Dual-Task Conditions
Participants simultaneously performed the motor and n-back task, five trials for each n-back condition in pretest and post-test. The motor task was performed in combination with each of the three n-back conditions (zero-back, one-back, and two-back). An experimenter instructed participants to perform both tasks as accurately as possible and to give equal importance to each task. The experimenter gave participants at least 30 s of rest between each trial.

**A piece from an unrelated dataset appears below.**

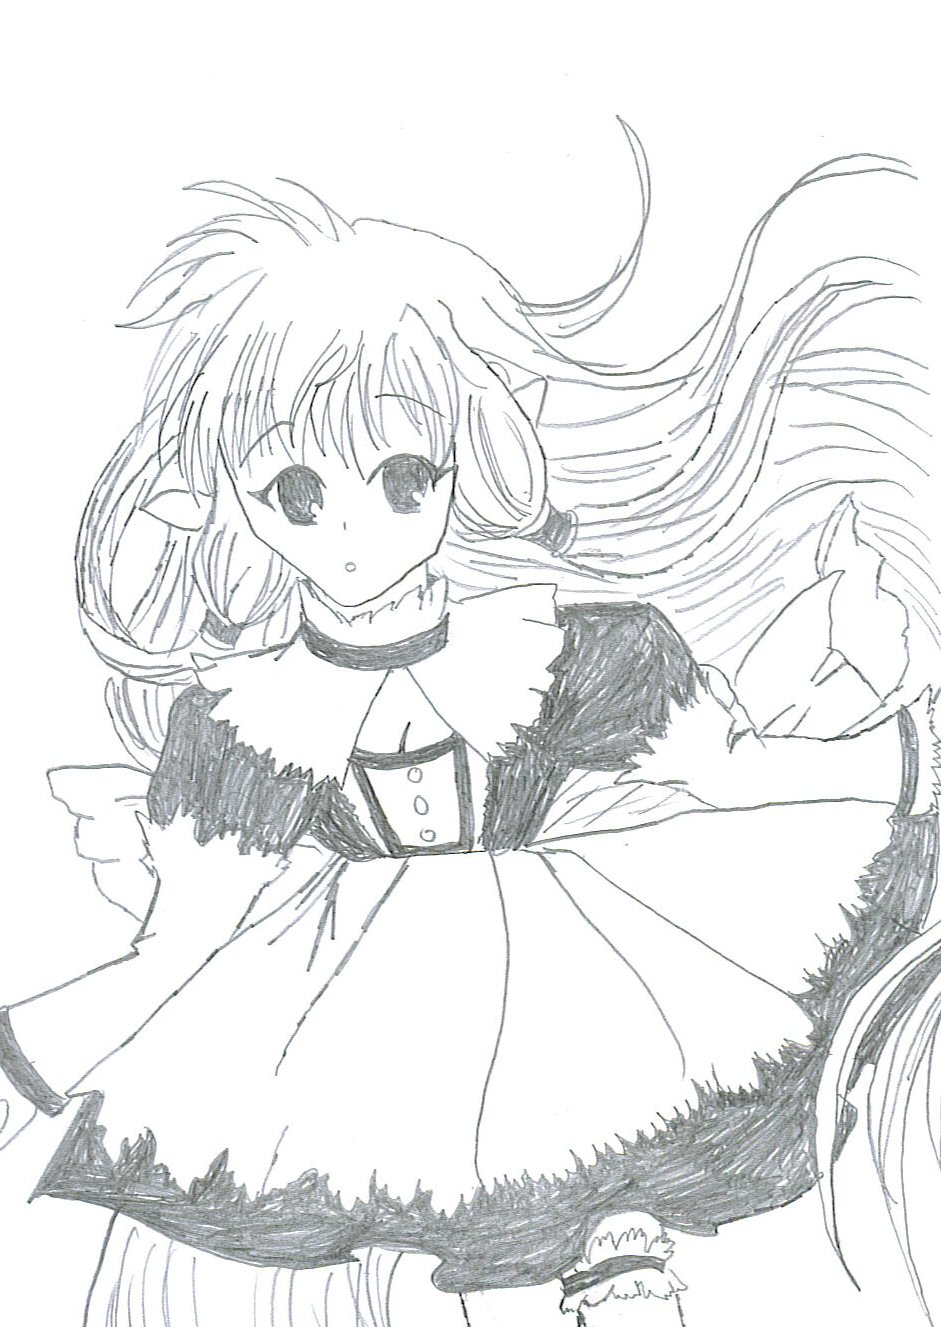 Chii in a Maids Outfit by KionaKina

Data Analysis and Reduction
Force modulation
We analyzed force data from the moment the participant achieved the target force range until completion of the trial. We calculated grip force variability by using the mean standard deviation (SD) of the participants' force, the coefficient of variation, or CV [CV = (SD/M) x 100], and the time within the target range (TWR; this is ±5% of target force). The CV represents the variability in the target force relative to the mean interval of the target force. The TWR indicates the time the participant stayed within the range of 5% above or below the target force. We measured SD, CV, and TWR of the target force every 500 ms within each trial to examine variability within a trial. We aggregated the measures and created a mean SD, CV, and TWR.
n-back task
We used the percentage of correctly repeated letters before the first error (mean of the five trials per n-back difficulty) as an indicator for the working memory capacity of the participants.
Dual-task conditions
In dual-task conditions we measured SD, CV, and TWR as described for the force modulation task. Additionally, if participants made an error in the cognitive task, then we analyzed a time window of 500 ms prior to and 500 ms after the error separately.
Statistical Analysis
We analyzed data by using mixed factor analysis of variance (ANOVA) and corresponding post hoc tests (Bonferroni adjustment). We conducted analyses separately for the motor and cognitive performance. Because of a lack of variance of the zero-back results in the single- and dual-task context, we did not use zero-back results in the ANOVA of the cognitive task. Results indicated no effect of gender on any of the variables for either group, so we collapsed the data across gender.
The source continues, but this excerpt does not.